The evidence above confirms God’s promise in the Quran:

“Verily, We have revealed the Reminder, and verily We shall preserve it.” (Quran 15:9)

The Quran has been preserved in both oral and written form in a way no other book has, and with each form providing a check and balance for the authenticity of the other.



Footnotes:

[1] Jalal al-Din Suyuti, Al-Itqan fee ‘Uloom al-Quran, Beirut: Maktab al-Thiqaafiyya, 1973, Vol.1, p.41 & 99.

[2] Ibn Hajar al-’Asqalani, Al-Isabah fee Taymeez as-Sahabah, Beirut: Dar al-Fikr, 1978; Bayard Dodge, The Fihrist of al-Nadeem: A Tenth Century Survey of Muslim Culture, NY: Columbia University Press, 1970, p.53-63. Muhammad M. Azami, in Kuttab al-Nabi, Beirut: Al-Maktab al-Islami, 1974, in fact mentions 48 persons who used to write for the Prophet (p).

[3] Al-Harith al-Muhasabi, Kitab Fahm al-Sunan, cited in Suyuti, Al-Itqan fi ‘Uloom al-Quran, Vol.1, p.58.

[4] Saheeh Al-Bukhari Vol.6, Hadith Nos.201 & 509; Vol.9, Hadith No.301.

[5] Ibn Hajar al-’Asqalani, Fath al-Bari, Vol.9, p.10-11.

[6] Saheeh Al-Bukhari, Vol.6, Hadith No.201.

[7] Saheeh Al-Bukhari Vol.4, Hadith No.709; Vol.6, Hadith No.507

[8] John Burton, The Collection of the Quran, Cambridge: Cambridge University Press, 1977, p.239-40.

[9] Kenneth Cragg, The Mind of the Quran, London: George Allen & Unwin, 1973, p.26.

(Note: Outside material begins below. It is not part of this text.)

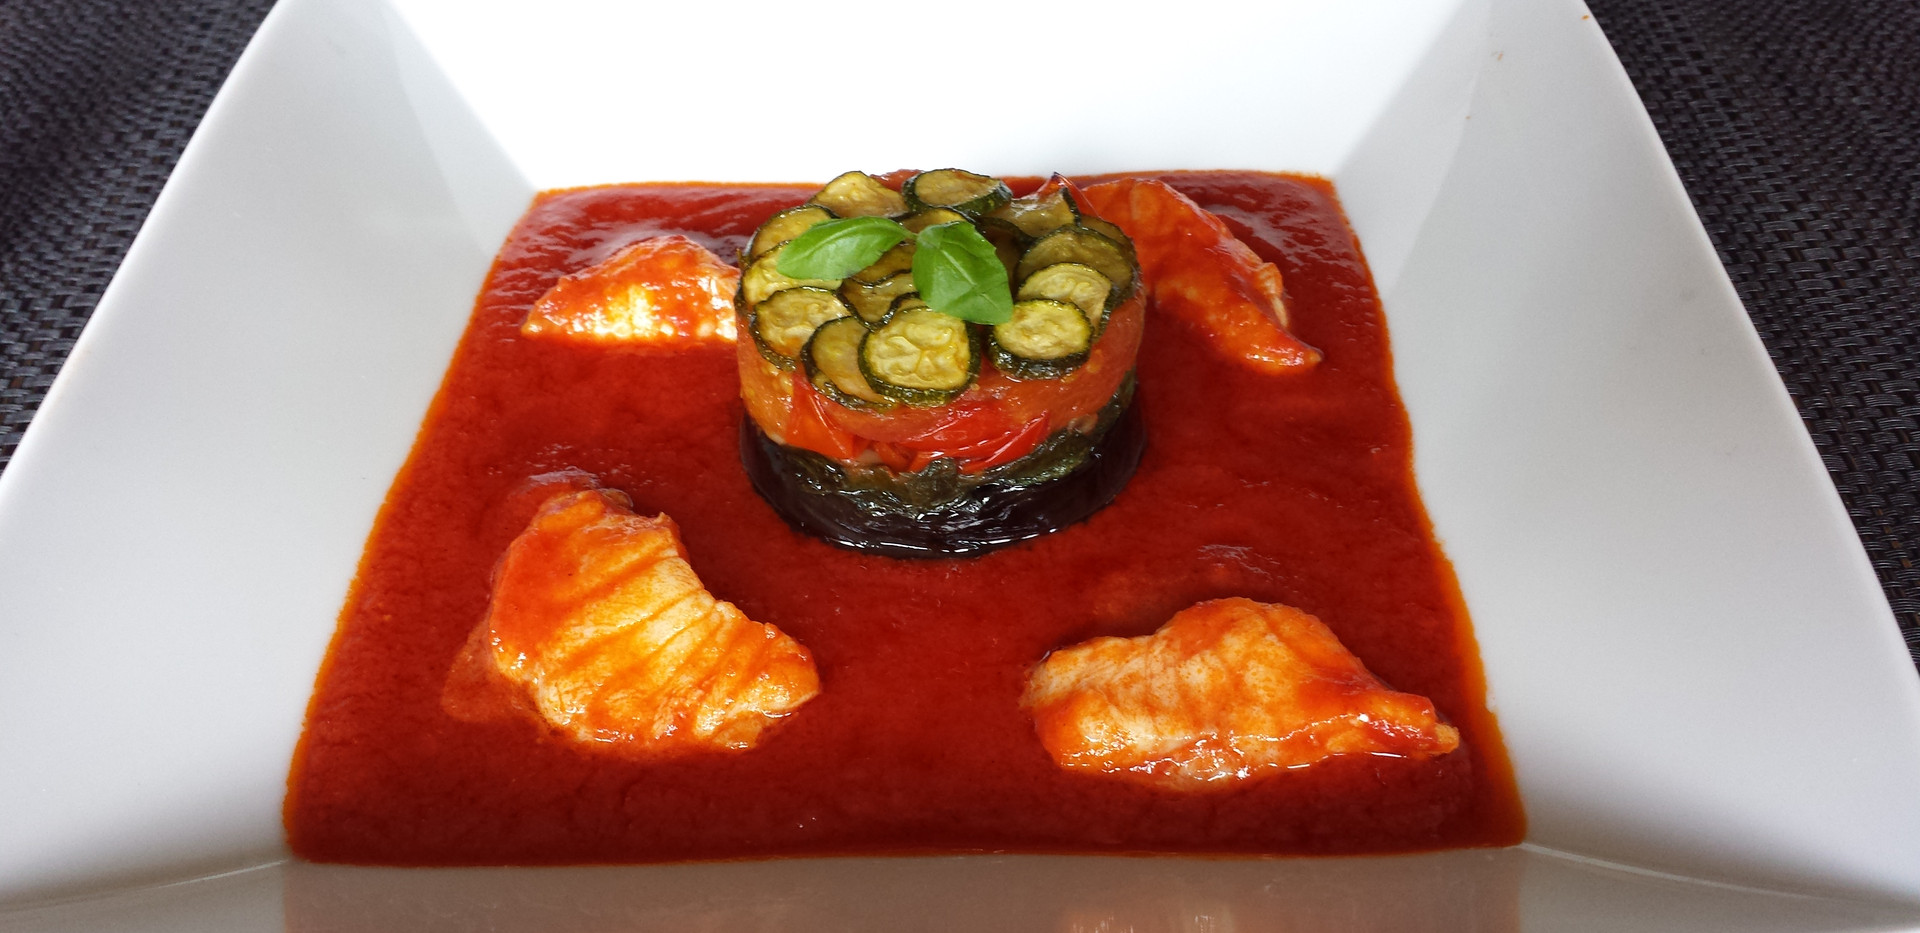 Aubergine Gateau with Monkfish in Fresh Tomato Sauce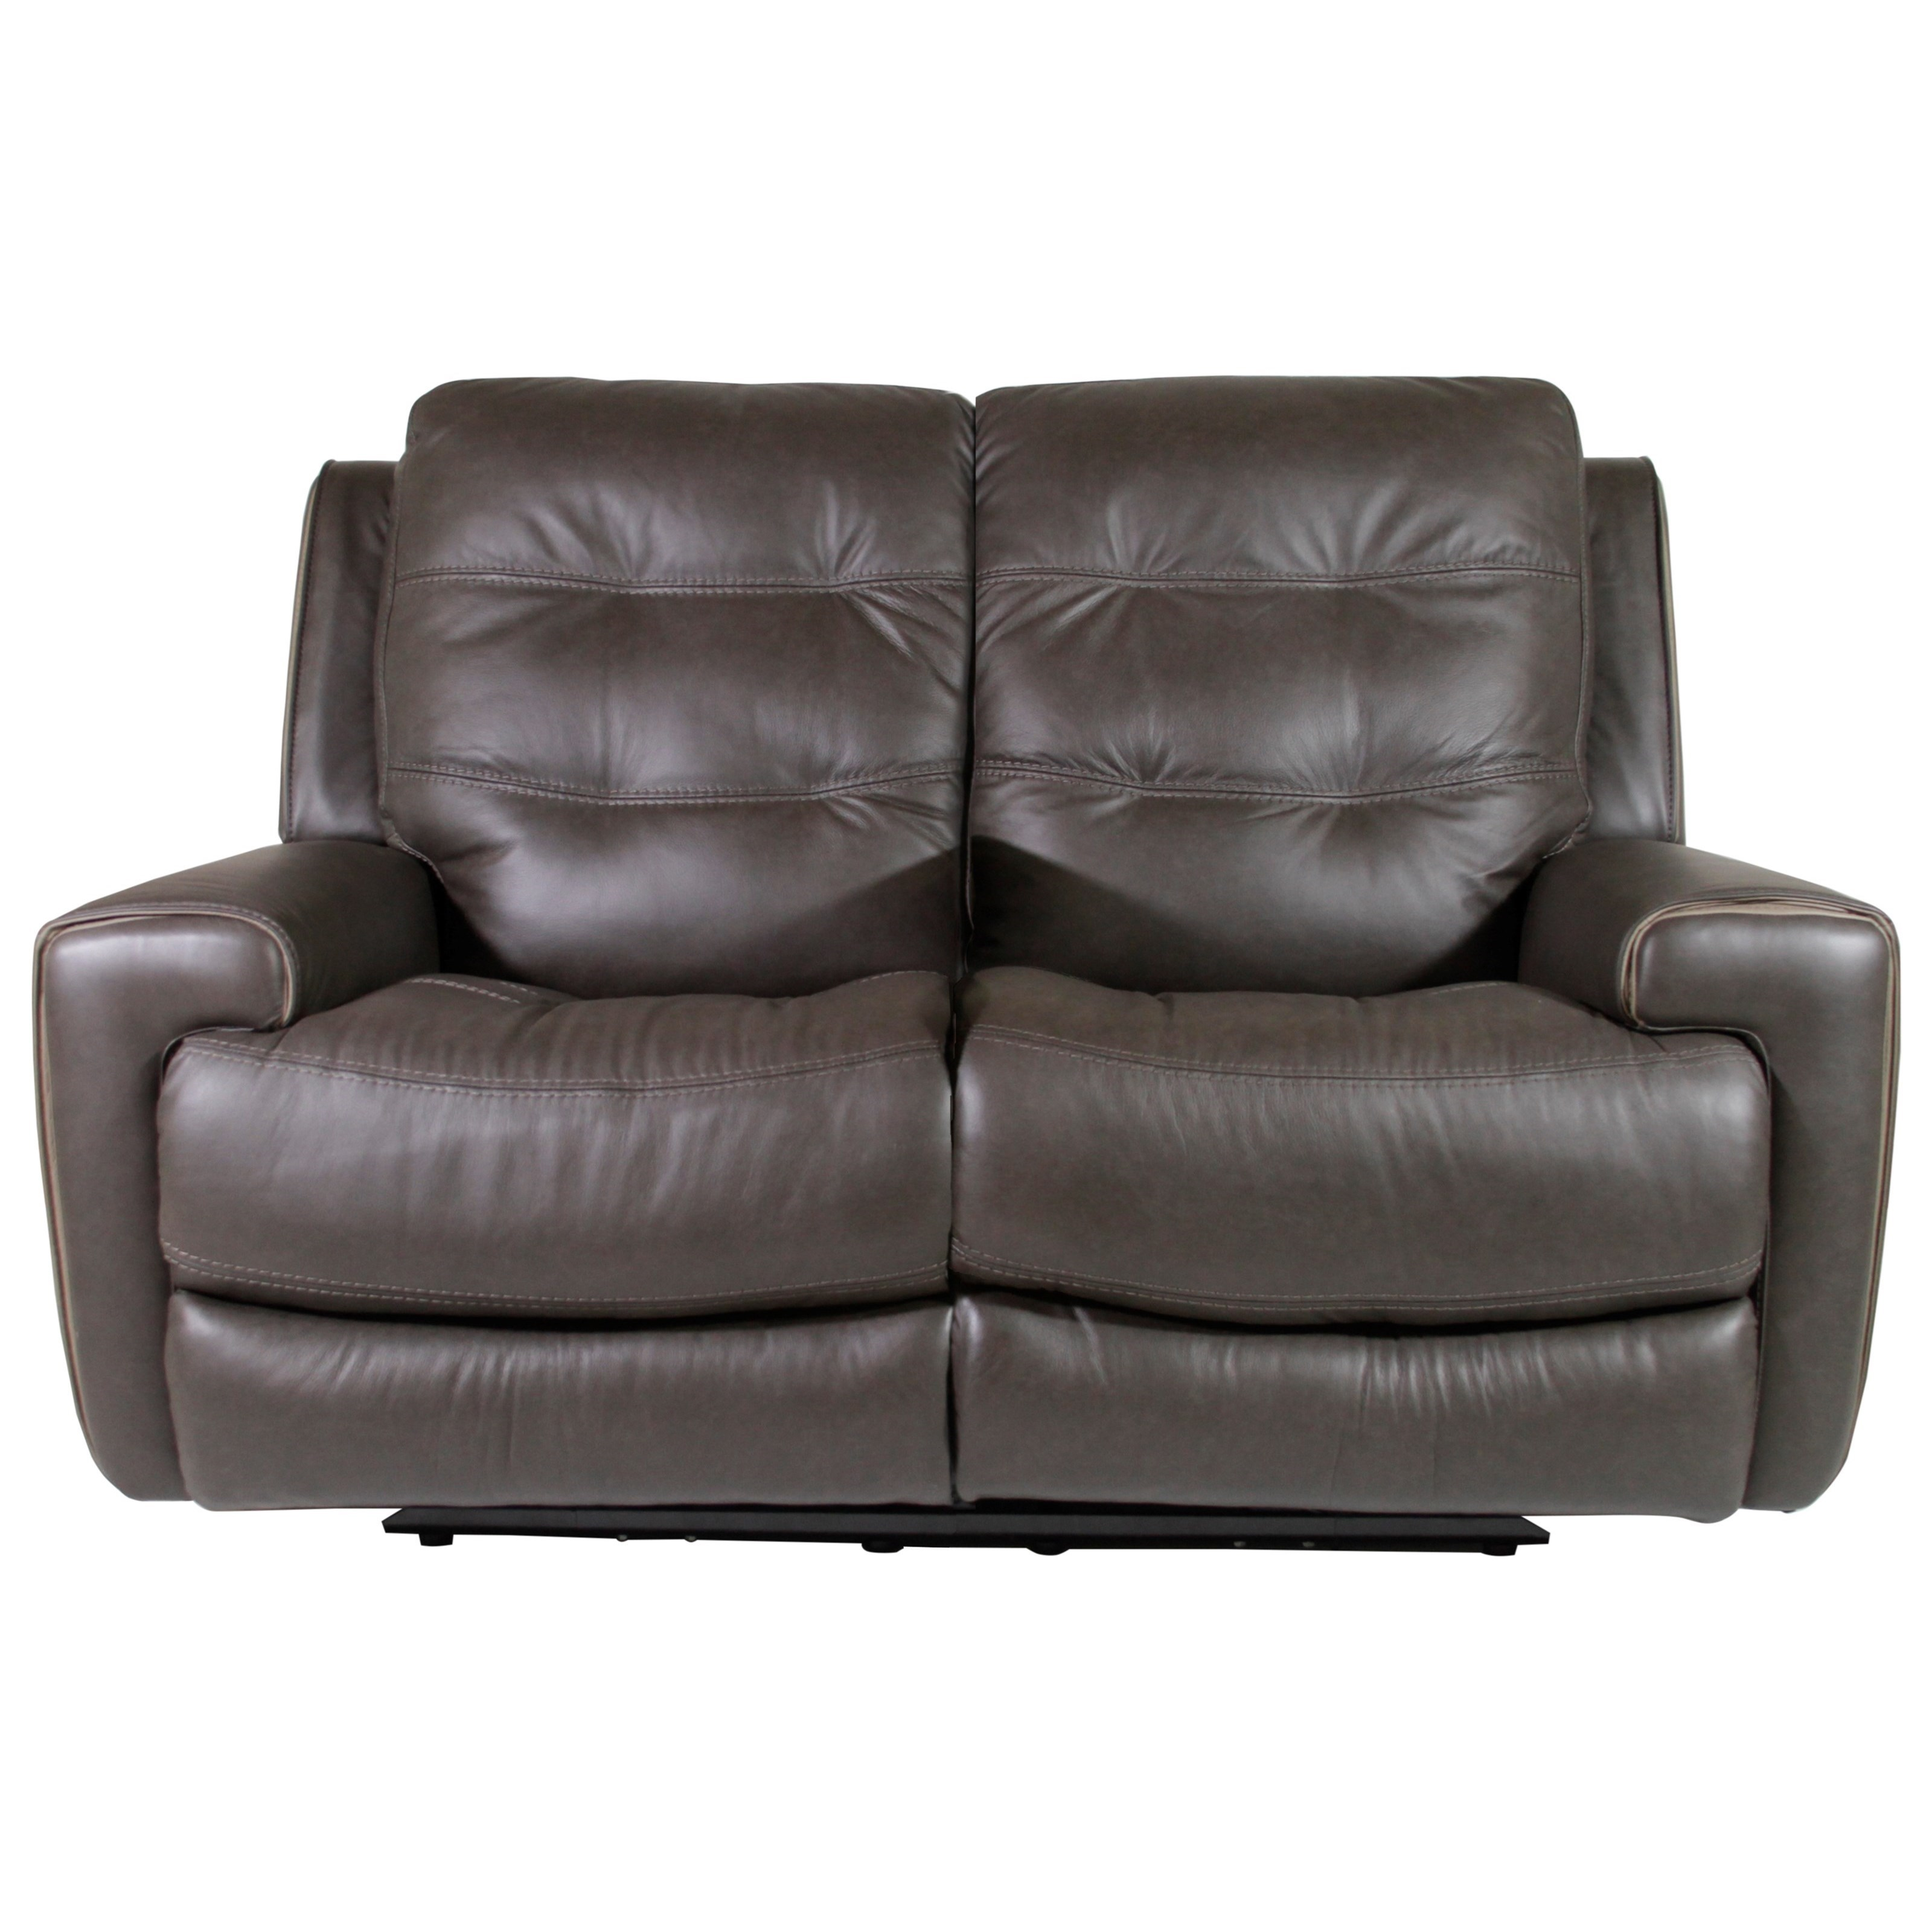 Latitudes-Wicklow Power Reclining Loveseat with Power Headrest by Flexsteel at Mueller Furniture

[10] Schwally, Geschichte des Qorans, Leipzig: Dieterich’sche Verlagsbuchhandlung,1909-38, Vol.2, p.120.

[11] Yusuf Ibrahim al-Nur, Ma’ al-Masaahif, Dubai: Dar al-Manar, 1st ed., 1993, p.117; Isma’il Makhdum, Tarikh al-Mushaf al-Uthmani fi Tashqand, Tashkent: Al-Idara al-Diniya, 1971, p.22ff.

[12] (http://www.unesco.org.)

I. Mendelsohn, “The Columbia University Copy Of The Samarqand Kufic Quran”, The Moslem World, 1940, p. 357-358.

A. Jeffery & I. Mendelsohn, “The Orthography Of The Samarqand Quran Codex”, Journal Of The American Oriental Society, 1942, Volume 62, pp. 175-195.

[13] The Muslim World, 1940, Vol.30, p.357-358

[14] Yusuf Ibrahim al-Nur, Ma’ al-Masaahif, Dubai: Dar al-Manar, 1st ed., 1993, p.113

[15] Bilal Philips, Usool at-Tafseer, Sharjah: Dar al-Fatah, 1997, p.157

[16] Mohammed Hamidullah, Muhammad Rasullullah, Lahore: Idara-e-Islamiat, n.d., p.179.

[17] Sir William Muir, Life of Mohamet, London, 1894, Vol.1, Introduction.